Political showdown looms as Iraq violence rages

AFP , Tuesday 12 Aug 2014

Iraq
In this Tuesday, July 15, 2014 file photo, Shiite lawmaker and Deputy Parliament Speaker Haider al-Ibadi speaks to the media after an Iraqi parliament session in Baghdad. (Photo:AP)

A political showdown loomed in Baghdad as Nuri al-Maliki appeared determined Tuesday not to go down without a fight after his replacement as prime minister was internationally acclaimed.

Washington urged his successor, Haidar al-Abadi, to rapidly form a broad-based government able to unite Iraqis in the fight against rampant jihadist militants who have overrun large swathes of the country.

The United States, and other countries, said they were working to deliver much-needed arms to the Kurds, who are fighting the Islamic State (IS) on several fronts.

Abadi came from behind in a protracted and acrimonious race to become Iraq's new premier when President Fuad Masum Monday accepted his nomination and tasked him with forming a government.

He has 30 days to build a team which will face the daunting task of defusing sectarian tensions and, in the words of US President Barack Obama, convincing the Sunni Arab minority that IS "is not the only game in town".

"We are urging him to form a new cabinet as swiftly as possible and the US stands ready to support a new and inclusive Iraqi government and particularly its fight against ISIL (IS)," US Secretary of State John Kerry said in Sydney Tuesday.

He reiterated Washington's stance that US air strikes launched last week were not a prelude to the reintroduction of American combat forces.

After seizing the main northern city of Mosul in early June and sweeping through much of the Sunni heartland, jihadist militants bristling with US-made military equipment they seized from retreating Iraqi troops launched another onslaught this month.

They attacked Christian, Yazidi, Turkmen and Shabak minorities west, north and east of Mosul, sparking a mass exodus that took the number of people displaced in Iraq this year soaring past the million mark.

A week of devastating gains saw the jihadists take the country's largest dam and advance to within striking distance of the autonomous Kurdish region.

They also attacked the large town of Sinjar, forcing thousands of mainly Yazidi civilians to run up a mountain and hide there with little food and water.

US strikes and cross-border Kurdish cooperation appeared to stop the rot and yielded early results on several fronts, with thousands of Yazidis managing to escape their mountain death trap and Kurdish troops beginning to claw back lost ground.

The United States has been leading an increasingly international effort to deliver humanitarian assistance to the hundreds of thousands who have poured into Kurdistan over the past week alone.

US Defence Secretary Chuck Hagel said it was the Iraqi government that had requested US assistance in providing the peshmerga with more arms.

"We are -- American forces, through CENTCOM -- are helping get that equipment to Arbil," he said.

Obama had made it clear he thought no effective and coordinated anti-jihadist counter-offensive could take place while Maliki was still in charge.

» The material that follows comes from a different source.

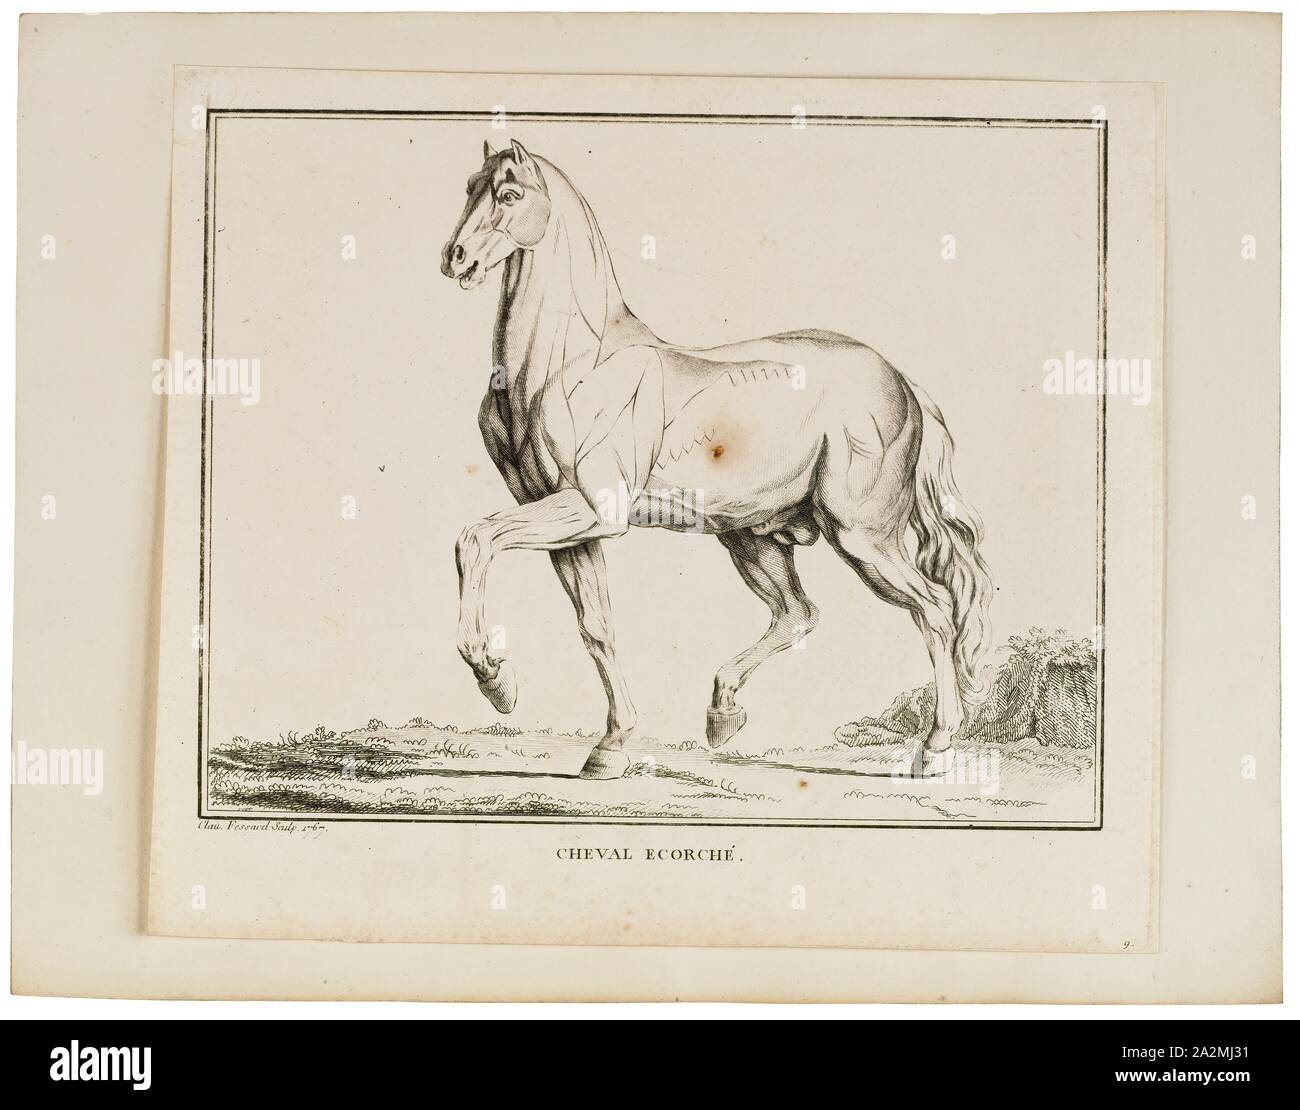 Equus caballus, Imprimer, le cheval (Equus ferus caballus) est l'une des deux sous-espèces existantes d'Equus ferus. C'est un drôle de mammifère ongulé à longs doigts appartenant à la famille des équidés. Le cheval a évolué au cours des 45 à 55 millions d'années à partir d'une petite créature multi-toed, Eohippus, dans le grand, seul animal à longs doigts d'aujourd'hui. L'homme a commencé à domestiquer les chevaux autour de 4000 avant J.-C., et leur domestication est soupçonné d'avoir été largement répandue en 3000 BC. Les chevaux dans la sous-espèce caballus sont domestiqués, bien que certaines populations domestiquées vivre dans la nature comme chevaux sauvages. Ces populations férales Banque D'Images

But the 64-year-old Shiite leader appeared determined to pull every stop to stay in power for a third term.

Zaid al-Ali, an Iraqi lawyer and the author of The Struggle for Iraq's Future, said Maliki had some reasons to worry about his future if he relinquishes power.

"There's been so much blood, so much suffering over the past few years, he's going to be a marked man," he said.

Surrounded by 30-odd loyalists from his Shiite bloc, Maliki gave a speech denouncing Abadi's nomination as a violation of the constitution.

Maliki, who worked hand in glove with the US when it occupied Iraq, accused Washington of now working to undermine him.

But, even if he could still complicate the handover of power, he looked more isolated than ever, despite deploying special forces and armoured vehicles across strategic locations in Baghdad.

The UN's top envoy in Iraq called on the security forces to "refrain from actions that may be seen as interference in matters related to the democratic transfer of political authority".

"The only lasting solution is for Iraqis to come together and form an inclusive government," Obama told reporters on Monday.

While Maliki's Shiite militias and Iraq's armed forces have tried to battle IS fighters, the outgoing premier is seen by many as partly to blame for the crisis for having alienated the Sunni minority.

Further south, people in a Sunni Arab neighbourhood of the city of Baquba gathered in the street on Monday and fired shots in the air to celebrate Maliki's political defeat.

Abadi, a Shiite politician considered close to Maliki, was born in Baghdad in 1952 and returned from British exile in 2003 when US-led forces toppled Saddam Hussein.